И снова она принялась укорять себя. Как можно!.. Она должна войти в дом и побыстрее узнать, здесь ли Андреас. И если нет… Вдруг раскрылась бездна в душе… Если нет!.. Она совсем одна. Страшное одиночество. Некому помочь, некому поддержать ее. Мальчик ее в опасности. И она сама не в силах помочь ему… Вдруг ей почудилось, что это уже было, но как-то странно, как-то давно было, и почему-то ощущение странное, что это было давно; да, было давно и когда ее маленький Андреас был взрослым!.. Но так не могло быть… такое невероятно…

Нет, она должна побыстрее стряхнуть, отбросить все эти странные ощущения свои. Не надо, не должна она бояться унижения. Она готова вытерпеть любые мучения, любые самые мучительные унижения ради своего мальчика.

— Ведь это мое существо и я его люблю, — вполголоса произнесла она. — Мой человечек, — проговорила она мягко и улыбнулась тепло и нежно, как улыбалась каменная Богоматерь, сделанная резчиком.

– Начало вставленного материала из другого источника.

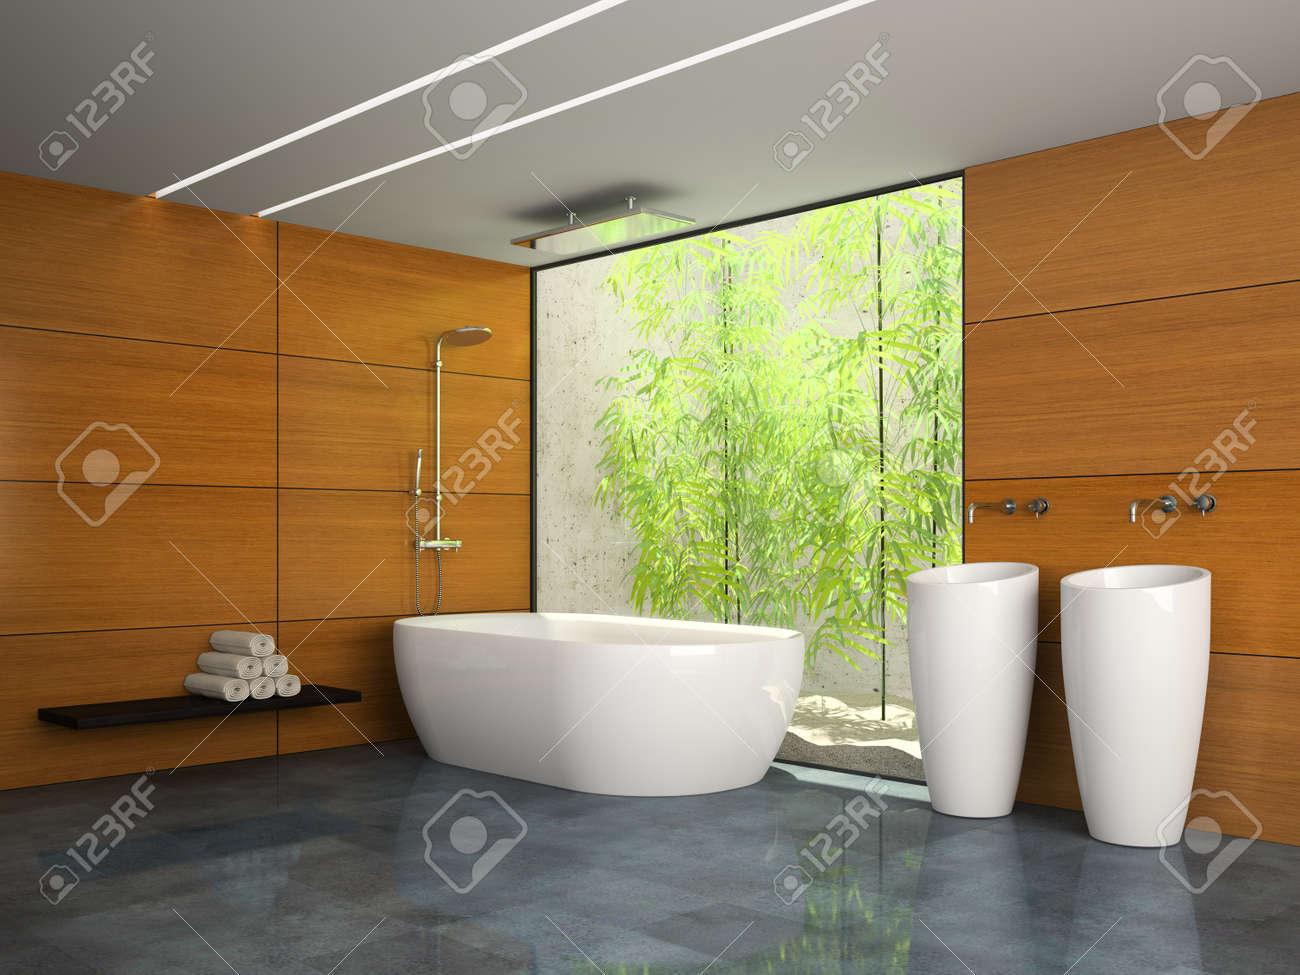 Salle De Bain Avec Bois intérieur de la salle de bain avec mur en bois rendu 3d

Молодая женщина решительно взошла на крыльцо и взяла бронзовый дверной молоточек.

* * *

Они еще не кончили обедать и доедали рыбу с кореньями, когда из прихожей донесся стук в дверь. Значит, стучали громко.

Андреас, сам того не сознавая, догадался мгновенно. Тотчас соскочил со стула и побежал в прихожую с возгласом:

— Мама!..

Хозяйка, не вставая со стула, вопросительно посмотрела на Элиаса. Он усмехнулся ей ободряюще, потянулся к стулу рядом с ее стулом, чтобы погладить девочку по голове. Затем быстро произнес, опустив глаза:

— Я провожу его…

Женщина понимающе кивнула.

Элиас Франк вышел в прихожую. Служанка молча смотрела как мальчик поспешно натягивал сапожки. Дверь на улицу была приоткрыта. Элиас догадался (это нетрудно было), что мать мальчика не хочет входить и стоит у двери. Мальчик то и дело вскидывал головку и глядел на приоткрытую дверь, словно мог увидеть мать. От помощи служанки он отказался.

— Дай-ка я помогу тебе одеться, — нерешительно предложил отец.

— Не надо, — не враждебно, но уже отчужденно отвечал маленький Андреас. Он торопился и ему казалось, что он все делает медленно.

Там, снаружи, у двери, мать ждала его терпеливо. Он почувствовал ее сдержанность и терпеливость, и сам немного успокоился. И Элиас Франк почувствовал (и уже знал), что она там, стоит, ждет сына, когда мальчик выйдет к ней. Элиас чувствовал, что на него, на отца ее ребенка, на человека, с которым она была счастлива (он был уверен — была, и сам ведь он был с ней счастлив), на него она не держит зла. Он почувствовал, как сильно и он любит своего мальчика, и гордится его умом и красотой. Но к этой любви, к этой гордости примешивались почему-то болезненная тоска, мучительная жалость. Он вдруг с некоторым изумлением осознал, что он не испытывает к Елене никаких враждебных чувств, он хотел бы увидеть ее лицо, держать ее за руку. Он хотел бы, чтобы она и ребенок снова принадлежали ему; хотел бы заботиться о них ласково, вместе с ней смотреть на мальчика, замечать какие-то милые занятные черточки в его поведении и внешности, указывать ей ласково и весело на эти черточки, и чтобы она тоже замечала и указывала бы ему на все милое и занятное в характере их сына. А мальчик весь такой милый и занятный, все в нем такое очаровательное, прелестное. Но почему Элиас думает сейчас обо всем этом с такой тоской? Почему он не может быть со своим сыном, с женщиной, которую ведь любит? Казалось, не было никаких видимых, ясно ощутимых запретов. Но было нельзя. Почему? Не было понятно. Только тоска…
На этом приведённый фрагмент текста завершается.